| 12:47 pm on Nov 25, 2003 (gmt 0)|
|For all you people who are still happy with Google - I wonder if you will all be so dismissive of my comments next time there is an "update" and you join the ranks of the honest-but-dropped brigade. |
Well, if you're going to get personal...
I lost three of my four index pages over the weekend. They aren't "commercial," they don't use any SEO tricks, and at least one of them has been #1 fairly consistently for months (and was usually in the top 2 for months before that). So I'm not too happy about that.
On the other hand, my other 3,500 or so pages don't appear to have been affected, and my main index.html page is still #1 for its most important keyphrase, so I'm fairly happy and relieved about that. :-)
AND, when I checked my server logs last night, I saw that my traffic was higher than normal. Plus, my AdSense revenues were at a high for the month. So is my glass half empty or half full? And is selective whining allowed? :-)
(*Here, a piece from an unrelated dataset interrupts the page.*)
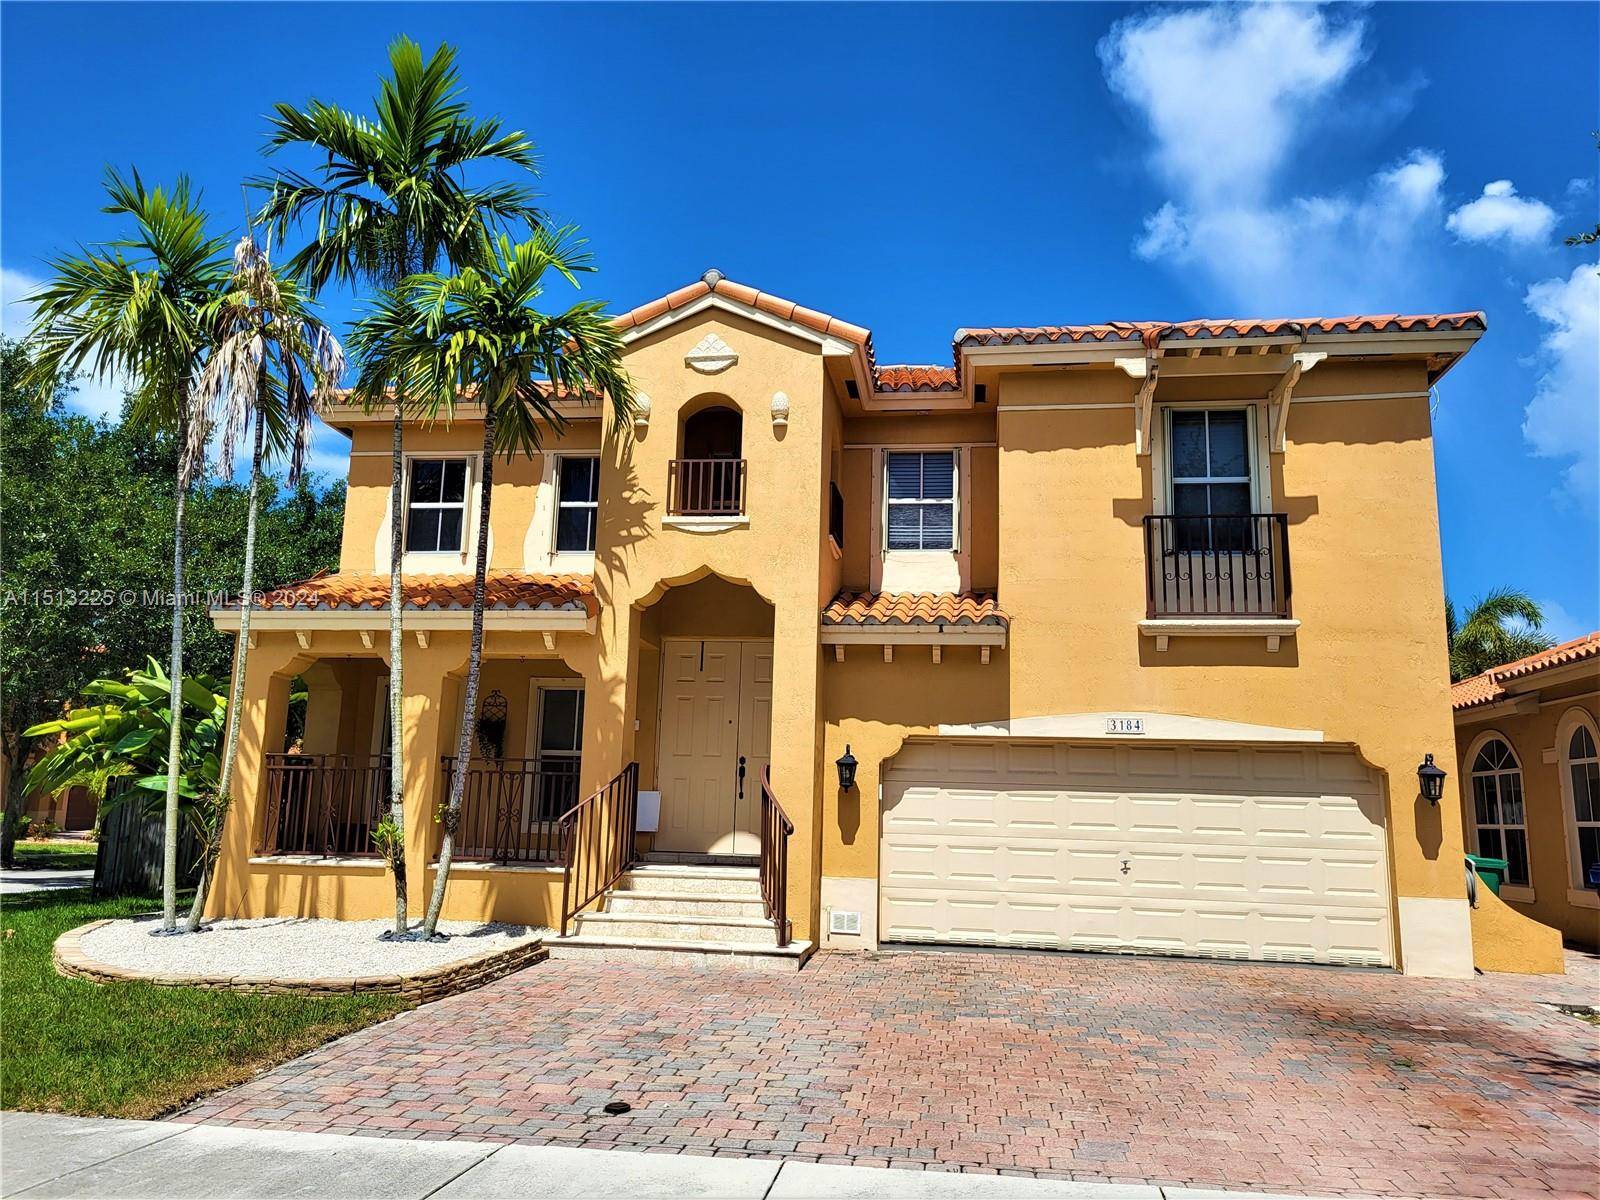 CORNER HOME BELLAGIO VENETIAN ISLES GATED COMMUNITY,,, PROPERTY WITH APROX.

As I've said elsewhere, I think editorial diversity is a good form of insurance against unexpected disasters like the "missing index pages" glitch. If users can find and enter your site through many, many, many inside pages, the loss or devaluation of a single page (or even a handful of pages) won't decimate your traffic.
| 1:15 pm on Nov 25, 2003 (gmt 0)|
EFV - although obviously that works better for sites like yours, rather than, say, a hotel in Widgettown.
The great thing we found when Google came along was that we didn't *have* to optimize the sites in anyway - if it was a Widgettown hotel it would be found (within the top 30) when someone searched for that phrase.
| 1:16 pm on Nov 25, 2003 (gmt 0)|
I don't know if I just had a brain blip, but as I was reading through this thread, I did a search for 'costa rica lodgings' no quotes. My Costa Rica portal did not show, nor did any of my other hotel and accomodations clients whom had all previously ranked well. Then, 30 minutes later I did it again and I am in 4 positions for 3 sites on page 1!
Now this is strange enough that I'm inclined to think that my brain blipped, but just in case... is anybody else seeing rapidly changing returns? Or could it be that there was just another adjustment to the system right then? Or is it me?
Actually, I'm pretty sure that I am reporting this right since my previous search was saved in the Google bar and I just hit "Search Web" again.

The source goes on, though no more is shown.